# Using industrial variable frequency drives



## kittydog42 (Sep 18, 2007)

Many of them use 24VDC (internally generated) for the controls. Using 120VAC is usually an optional alternative.


----------



## mjcrow (Jan 5, 2008)

Have a look here http://www.evalbum.com/1149 this is what you are thinking of. Tuarn is the national president of the Australian Electric Vehicle Association and is a regular poster on the AEVA Forums found here http://www.aeva.asn.au/forums

mjcrow


----------



## OHM (Jun 30, 2008)

Jeff Saxton said:


> Has anyone adapted a surplus industrial AC motor drive (VFD or VFC) to EV use?
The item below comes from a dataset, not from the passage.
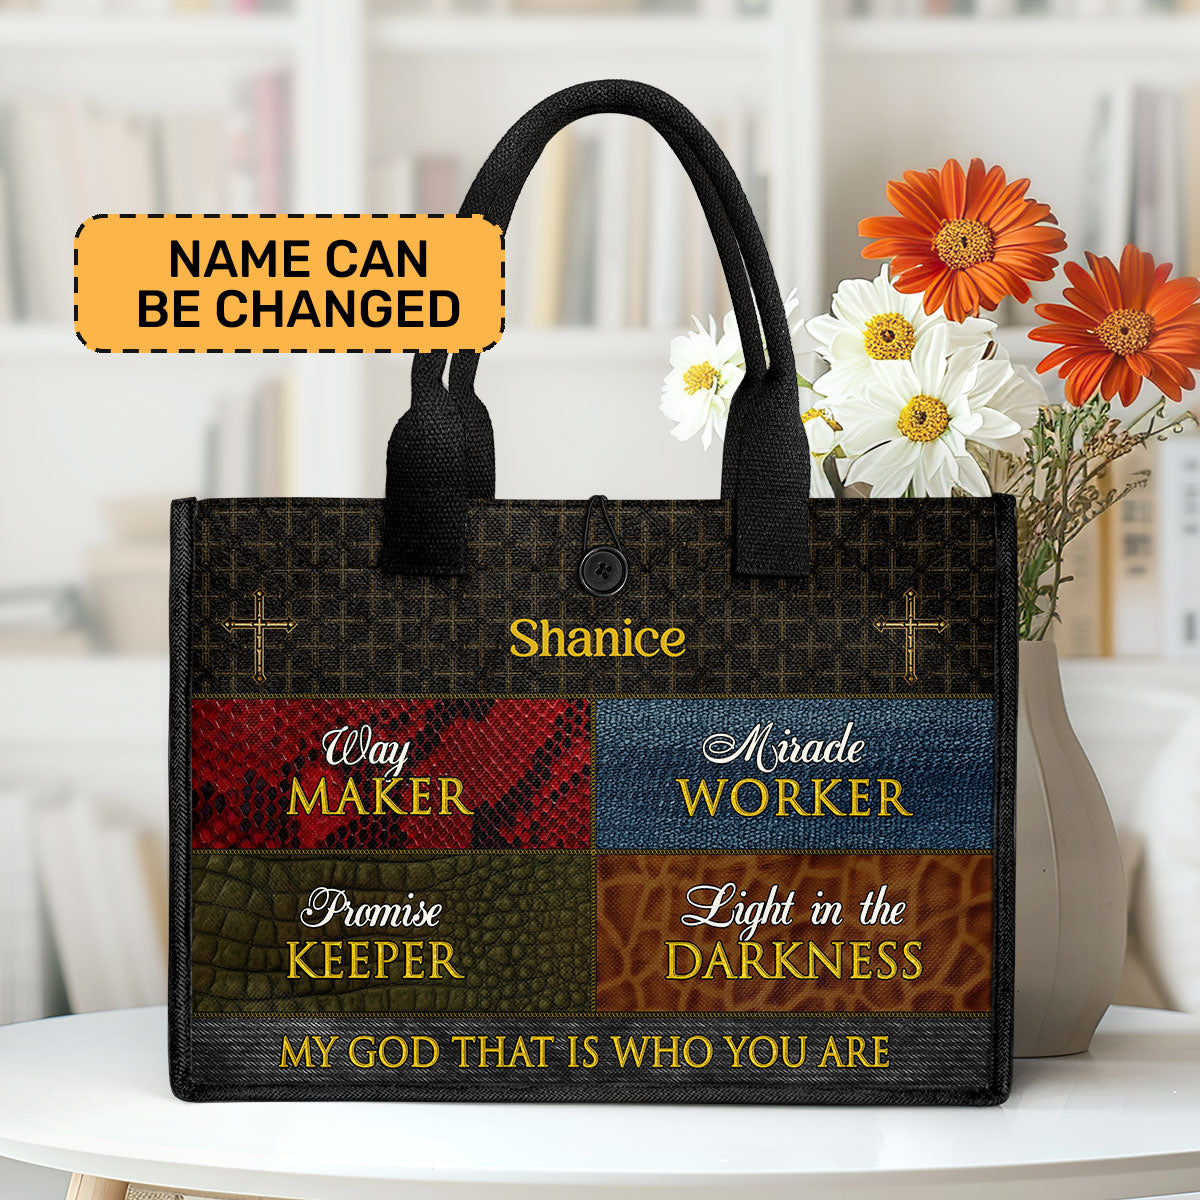 Way Maker – Personalized New Canvas Tote Bag CTBM727 – Furmaly

They can be powered by DC because the standard configuration rectifies the mains AC to DC and then uses it to produce variable frequency 3-phase. Some modification would allow powering it with DC directly. A few of them are already designed to work with a DC supply.
> Generally they produce either 230 VAC or 460 as maximum output. The advantage is that they are fully programmable so that they can be tailored to the application.
> 
> One disadvantage, I suppose, would be that you'd need a high voltage battery pack. (Actually that's best anyway, considering other factors besides cost.) Also one would have to have an inverter to supply 120 VAC fror the control circuitry. An advantage would be that you could use an easily obtained industrial AC motor.
> ...


I also questioned whether I could use a lower battery pack and use an inverter to get to 230volts or more but the cost of the inverter must be tremendous no?
Id prefer this route even though there is slightly less efficiency from say using a 120volts 225AH 20 pack of Trojan T-105s, heavier duty AGM or Gels. Less weight, less BMS complexity and easier to organize.


----------